Indramayu,Kicaunews.com- Dinas Komunikasi dan Informatika (Diskominfo) Kabupaten Indramayu mengikuti pembukaan Bimbingan Teknis (Bimtek) Monitoring dan Evaluasi (Monev) Penerapan Undang-Undang Keterbukaan Informasi pada Badan Publik di Jawa Barat Tahun 2026 yang diselenggarakan secara daring oleh Komisi Informasi (KI) Provinsi Jawa Barat dari Kantor Diskominfo Kabupaten Indramayu, Jumat (10/7/2026).
Kegiatan tersebut diikuti Kepala Diskominfo Kabupaten Indramayu Suwenda didampingi Kepala Bidang Informasi dan Komunikasi Publik Dedy Suprayogi beserta jajarannya.
Bimtek dilaksanakan sebagai tahapan awal pelaksanaan Monitoring dan Evaluasi Penerapan Undang-Undang Keterbukaan Informasi pada Badan Publik di Jawa Barat Tahun 2026.
Ketua Komisi Informasi Provinsi Jawa Barat Husni Farhani Mubarok dalam sambutannya mengatakan, kegiatan tersebut merupakan tindak lanjut dari peluncuran Monitoring dan Evaluasi Keterbukaan Informasi Publik yang sebelumnya telah dilaksanakan oleh KI Provinsi Jawa Barat.
Menurutnya, pelaksanaan monitoring dan evaluasi merupakan amanat Undang-Undang Nomor 14 Tahun 2008 tentang Keterbukaan Informasi Publik beserta regulasi turunannya yang mewajibkan setiap badan publik melaksanakan keterbukaan informasi secara optimal.
Husni menjelaskan, di Jawa Barat, pelaksanaan keterbukaan informasi juga mengacu pada Peraturan Daerah Provinsi Jawa Barat Nomor 11 Tahun 2011 tentang Transparansi, Partisipasi, dan Akuntabilitas dalam Penyelenggaraan Pemerintahan Daerah yang menekankan prinsip transparansi, partisipasi, dan akuntabilitas dalam penyelenggaraan pelayanan publik.
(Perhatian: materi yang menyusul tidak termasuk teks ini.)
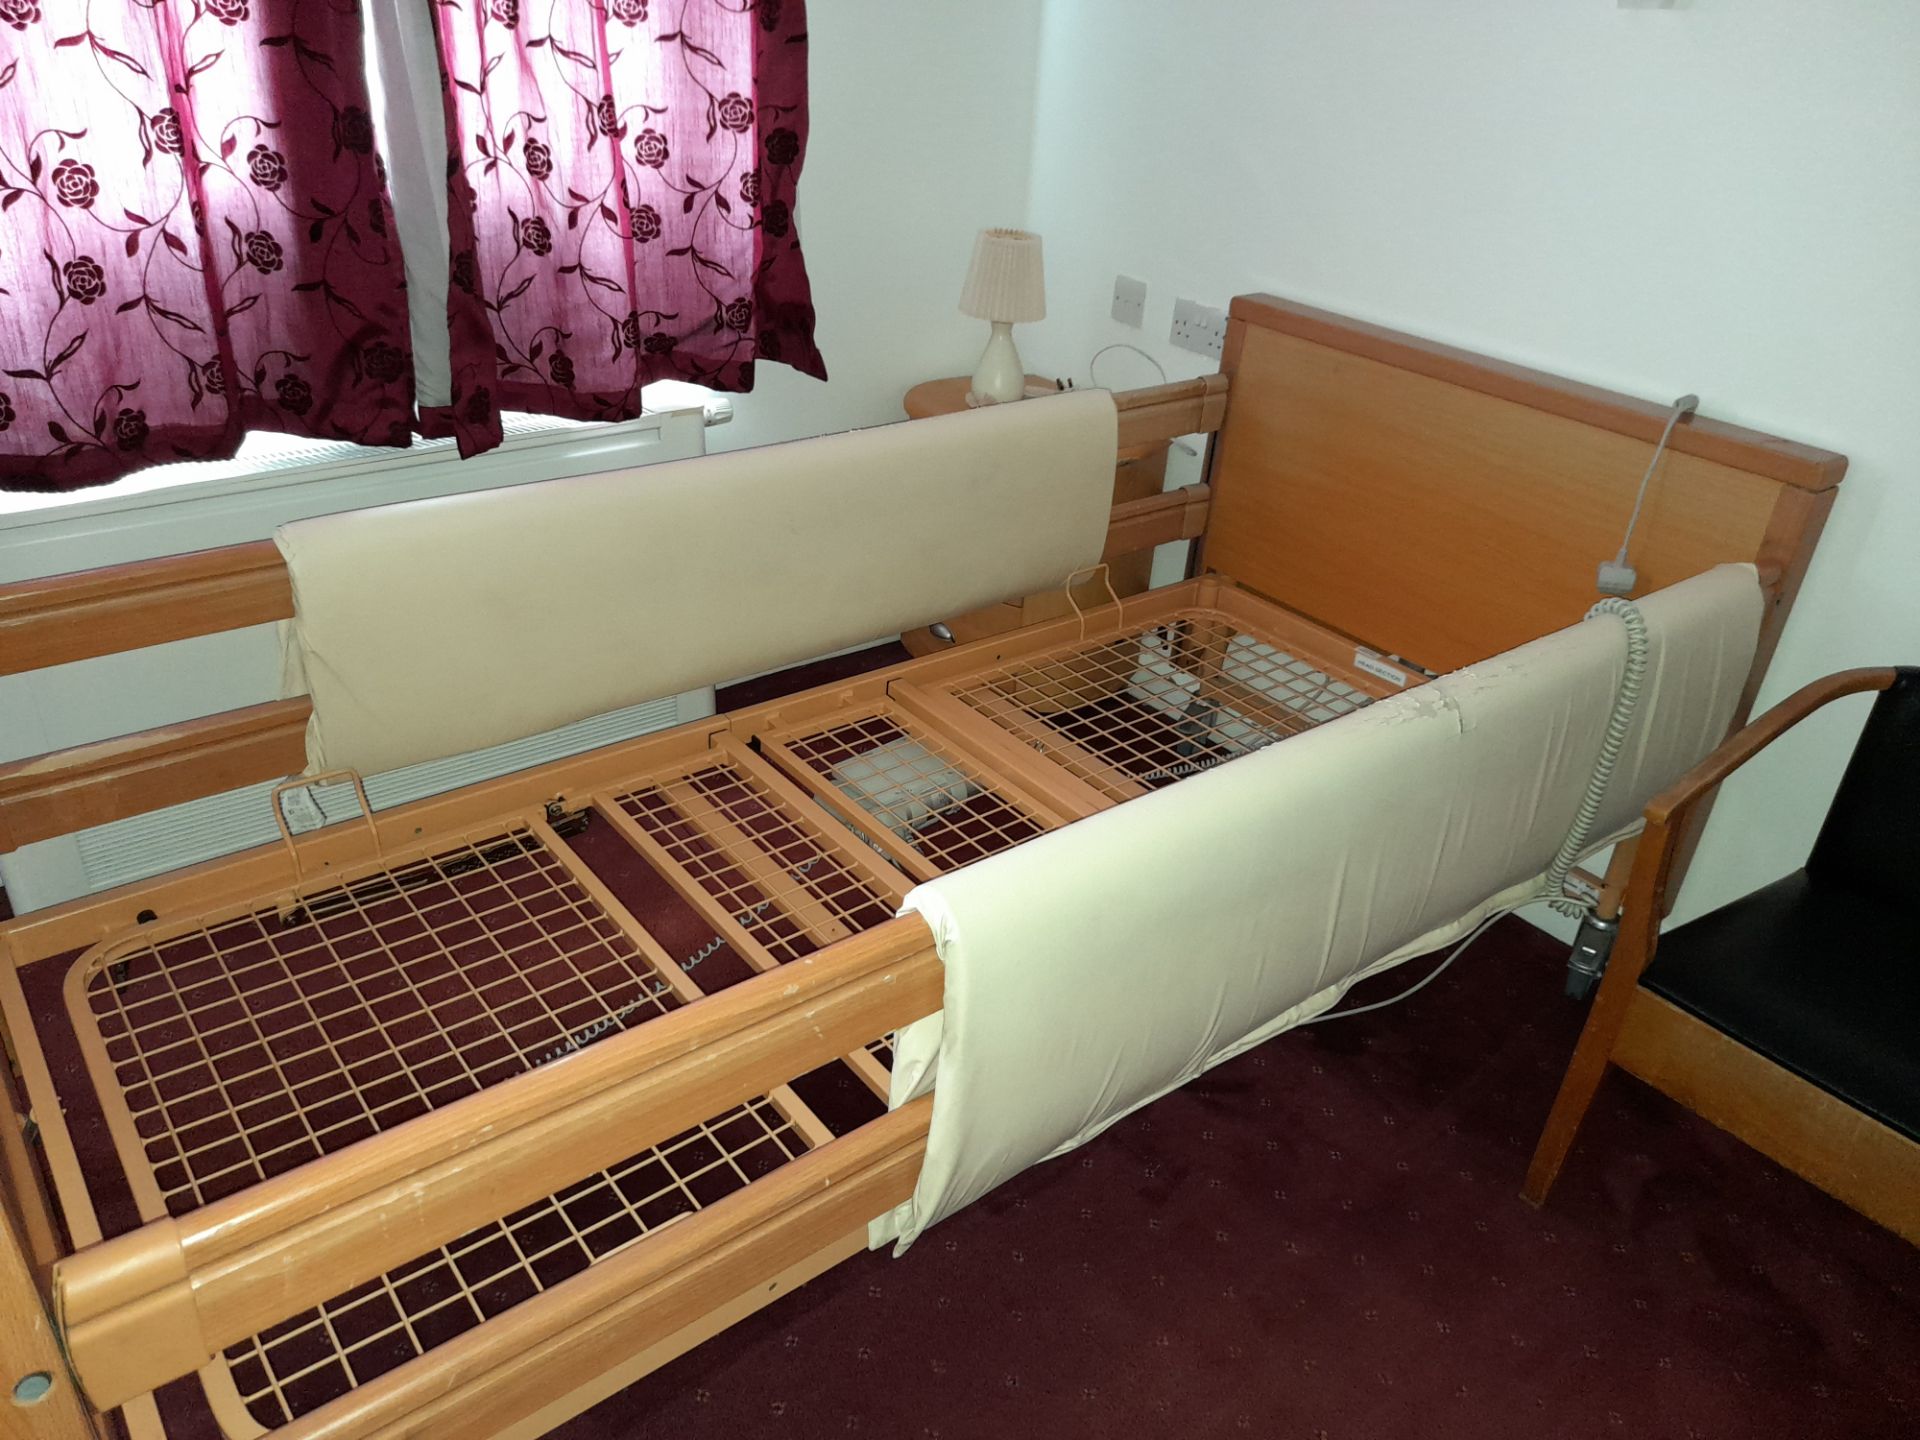 Contents of Bedroom 25 to include; Profile bed, Wardrobe, Chest of Drawers, Bedside Cabinet, - Image 2 of 4

“Melalui tema ‘Mewujudkan Kesejahteraan Rakyat melalui Keterbukaan Informasi Publik Menuju Jabar Istimewa’, kami berharap keterbukaan informasi tidak hanya berhenti pada pemenuhan aspek prosedural, tetapi juga menjadi bagian dari upaya meningkatkan kualitas pelayanan publik dan mendukung terwujudnya visi Jawa Barat Istimewa,” ujarnya.
Usai mengikuti kegiatan, Kepala Diskominfo Kabupaten Indramayu Suwenda menyampaikan apresiasi atas penyelenggaraan Bimtek tersebut.
Menurutnya, kegiatan ini menjadi bekal penting bagi badan publik dalam memahami mekanisme monitoring dan evaluasi sekaligus memperkuat implementasi keterbukaan informasi di daerah.
“Kami menyambut baik pelaksanaan monitoring dan evaluasi ini sebagai bagian dari upaya mendorong terwujudnya pemerintahan yang semakin transparan, akuntabel, dan memberikan pelayanan informasi publik yang lebih baik kepada masyarakat,” katanya.
Selain penyampaian kebijakan, peserta juga mendapatkan penjelasan teknis mengenai pelaksanaan monitoring dan evaluasi dari Komisioner KI Provinsi Jawa Barat Bidang Kelembagaan, Yadi Supriadi. Materi yang disampaikan meliputi tahapan pelaksanaan, mekanisme penilaian, hingga kelengkapan dokumen yang perlu dipersiapkan oleh masing-masing badan publik.
Monitoring dan Evaluasi Penerapan Undang-Undang Keterbukaan Informasi pada Badan Publik Tahun 2026 diikuti oleh 170 badan publik di Jawa Barat, yang meliputi pemerintah kabupaten/kota, perangkat daerah Pemerintah Provinsi Jawa Barat, biro Sekretariat Daerah Provinsi Jawa Barat, instansi vertikal tingkat provinsi, BUMD Provinsi Jawa Barat, lembaga pemerintah nonstruktural, serta partai politik tingkat Provinsi Jawa Barat.